Social Engineering Attacks
Before an attacker attempts to gain access
to a secured system, he must first know certain things about
the target system. The process of gathering information about
a target system, usually to find a way in, is known as foot
printing. Although an attacker often uses technology, he may
simply try to ask for the information. If the right person
asks, he or she will often get it all too easily.
A social engineering attack usually
involves an attacker impersonating a seemingly harmless person
to deceive company personnel to obtain information. Obtaining
that information may be the actual goal itself, or it may
be used to aid the attacker in penetrating a secured system.
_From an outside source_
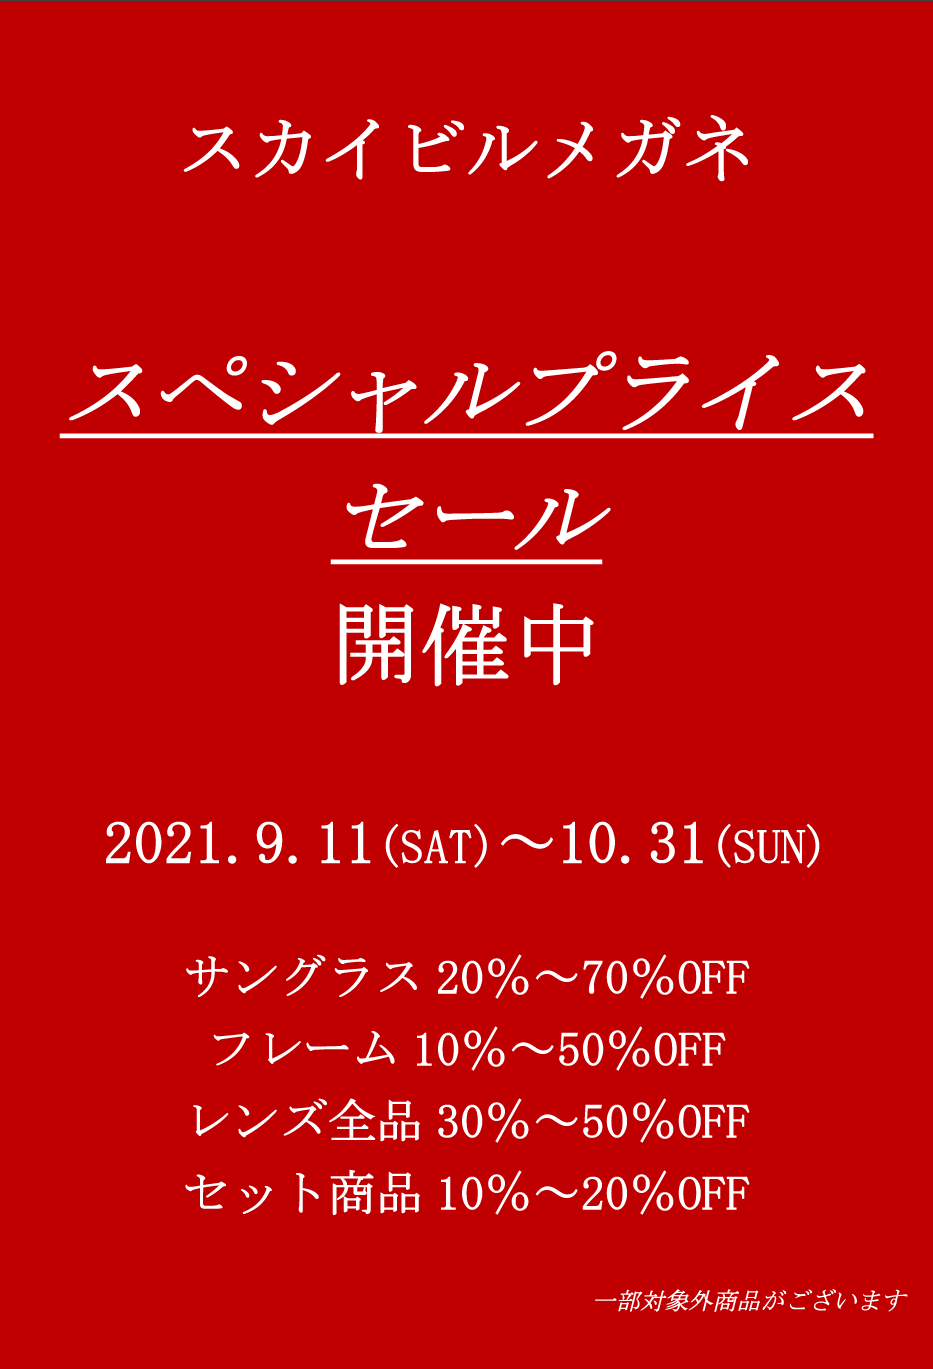 スペシャルプライスセール2021.9

The information can be a user ID, password, access code and
other type of sensitive information, but can also be information
that seems harmless to share. A company phoned by a student
conducting a survey about which operating systems and software
they use may actually be giving valuable information to a
malicious attacker. The motives of a social engineer are identical
to technology-based attacks; examples are money, politics,
curiosity, and terrorism. Malevolent competitors and ex-employees
who want to settle a score, sabotage a business, or steal
a company secret often use social engineering techniques to
reach their malicious goals.
A simple example of a social engineering
attack is an attacker calling the help desk of a company pretending
to be an employee who forgot his password. Social engineering
attacks are often more complicated cons that require careful
preparation, and acting and persuasion skills. A social engineer
collects bits and pieces of information that will lead him
to his goal, typically using its most valuable tool, a phone.
Calling a company and bluntly ask for the information may
alarm the employee on the other side of the phone and ruin
the entire attack before it really got started. So before
the attacker can persuade a victim to simply hand out information,
he needs to crawl into the skin of someone the victim will
gladly give the information to, someone who works in the same
company for example. To do that he needs to know the company’s
lingo, department structure, internal phone numbers, and anything
else that will make him an “insider”. Once the
attacker talks the talk, knows who to impersonate and who
to ask what, it is just a matter of asking the right questions
without raising any suspicion to get everything he wants.
Another method an attacker uses to gather
such information, and possibly even more sensitive information,
is dumpster diving. This term refers to going through
trash bins to search for papers with employee and department
names, administration codes, specifics about the companies
network environment, and other useful information. Information
that may seem worthless to most people, but may just be what
a social engineer needs to make himself seem trustworthy.
Social engineering is also a threat to physical security in
which case an attacker tries to gain physical access to for
example a building or office. An example frequently used in
movies is the so-called 10-attack; an attractive individual
distracts security personnel while an accomplice sneaks in.
An attacker may also try to mislead security personnel and
other employees by pretending to be a maintenance repairperson
or a bug exterminator for example.
Social engineers have found a relatively
new way to attempt to obtain sensitive information from naïve
people, without having to pay them a visit or call them by
phone: email. The attacker sends malicious e-mail messages
that seem to be legit and even have a valid sender address.
The message may contain a link that takes the victim to a
website that looks exactly like a site where he or she frequently
buys online products with a credit card number. Or the message
may seem to have been sent by the IT department, and includes
an attachment that is supposedly the latest anti-virus update
that must be installed immediately. In reality, the attachment
could be a Trojan horse creating a backdoor
for the attacker or logging keystrokes that are sent to the
attacker by e-mail. The best defense against social engineering
attacks by e-mail is using certificates for encrypting and
signing e-mail messages, allowing a recipient to positively
identify the sender.
Many companies acknowledged the necessity
of technology such as firewalls, intrusion detection systems,
and advanced authentication systems to secure their information.
However, this technology does not make them less vulnerable
to a savvy social engineer. It may actually lead to a false
sense of security, which may make them an even easier target.
To prevent successful social engineering attacks security
policies must be implemented and enforced. All
employees must be informed and trained to recognize and appropriately
respond to a potential social engineering attack.
One of the most important policies that should
be implemented is verification of requests. Not only the identity
of the requestor should be verified, but also the request
he or she is making. A simple method to verify the caller’s
ID is to call the person back at the phone number listed in
the company’s phone directory. If someone outside the
company asks for inside information, he or she should be forwarded
to a manager or the Information Security department. When
a copier maintenance person enters a building, the receptionist
should verify the appointment and ask for an ID.
By following some basic rules and using common
sense, most social engineering attacks can be prevented. It
is essential to educate employees about these types of attacks
and the methods of a social engineer, because in any security
system people are really the weakest link.